Integrable Tunable Laser Assembly PPCL100

Key Features

  • Full Band Tunable (C or L)
  • Power up to 18dBm (60mW)
  • 10kHz narrow linewidth
  • Reduced AM/FM low freq. noise


The PPLC100 is an entry-level low-noise tunable laser. It combines the well recognized NeoPhotonics telecom laser (full-band tunable and a very narrow linewidth of ~10 kHz) with the low-noise operating modes from Pure Photonic. It does not include the low-noise modulation features or the electronics modifications that PPCL200 and PPCL300 offer. The product can access any desired frequency set-point in either the C-band or L-band. Output power can be set as low as 7dBm and as high as 18dBm (optional configuration).

The laser and its features are designed for high SNR (Signal-to-Noise-Ratio) applications, such as sensing and T&M (Test and Measurement). In its low-noise mode, the laser disables its control loops and is essentially frozen.

The PPCL100 is the highest performance ITLA on-the-market (MSA form-factor,, controlled through a digital interface. The user can operate the product without having to control or understand the underlying technology.

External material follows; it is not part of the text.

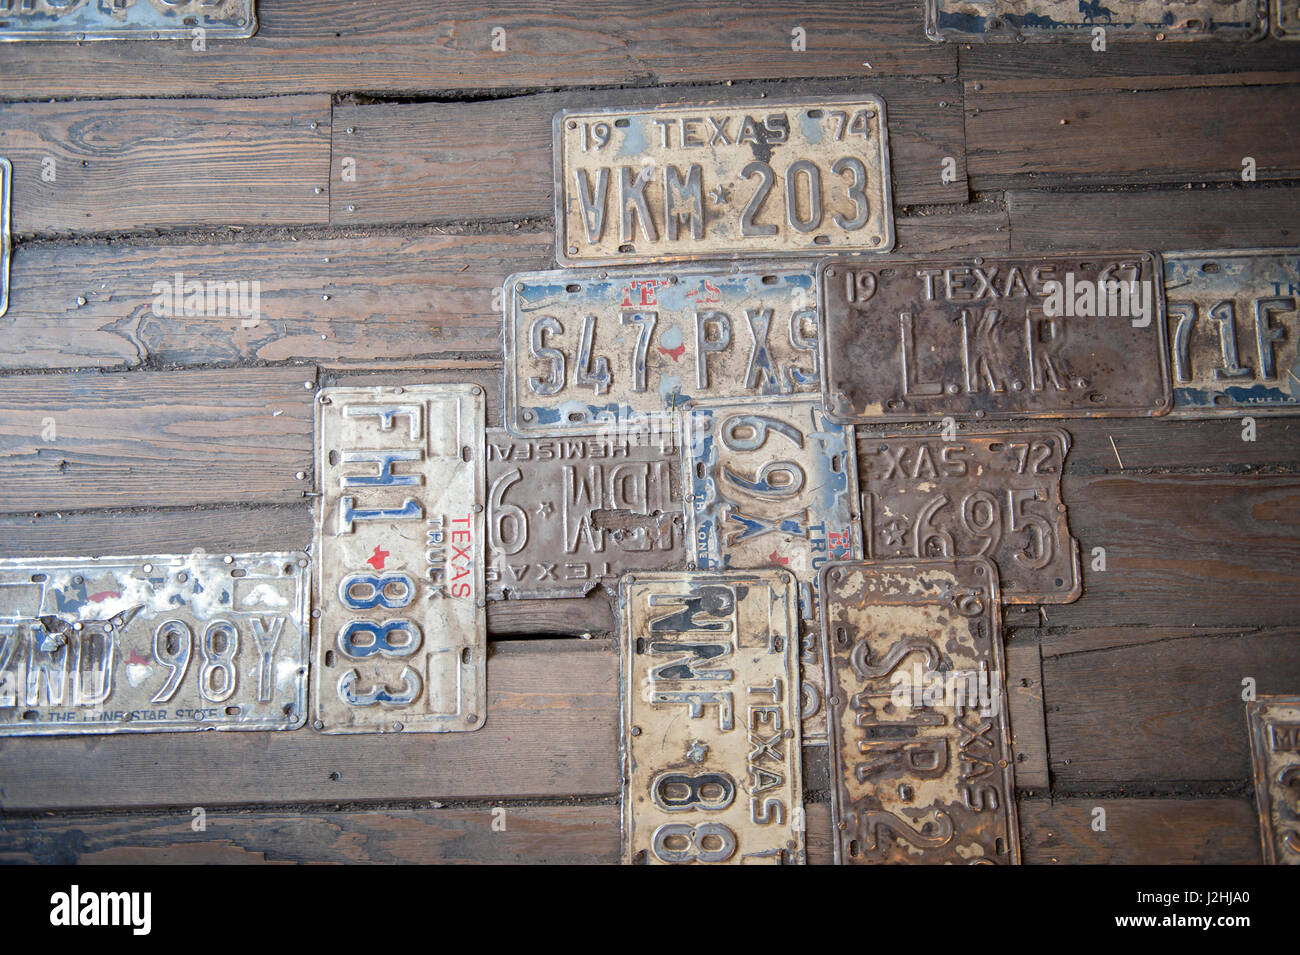 Texas license plates, wall art, Gruene Hall, Gruene, Texas, Usa (Editorial Use Only) Stock Photo

The PPCL100 has an External Cavity Laser design, with tunable filters embedded in the cavity for frequency control. The Cavity consists out of an InP front-facet coated gain chip with back-facet AR coating and a high-reflection end-mirror, mounted on a PZT element. By changing the injection current into the gain-chip and the built-in photodiode tap, the product accurately controls the operating power to the user-defined power target.
Within the cavity two Silicon etalon filters, with slightly different Free Spectral Range (FSR), utilize the Vernier effect to select one dominant cavity mode. The frequency is controlled through micro-temperature sensing and heating elements on the filters. The dominant cavity mode is aligned with the etalon transmission peaks through adjustment of the cavity temperature.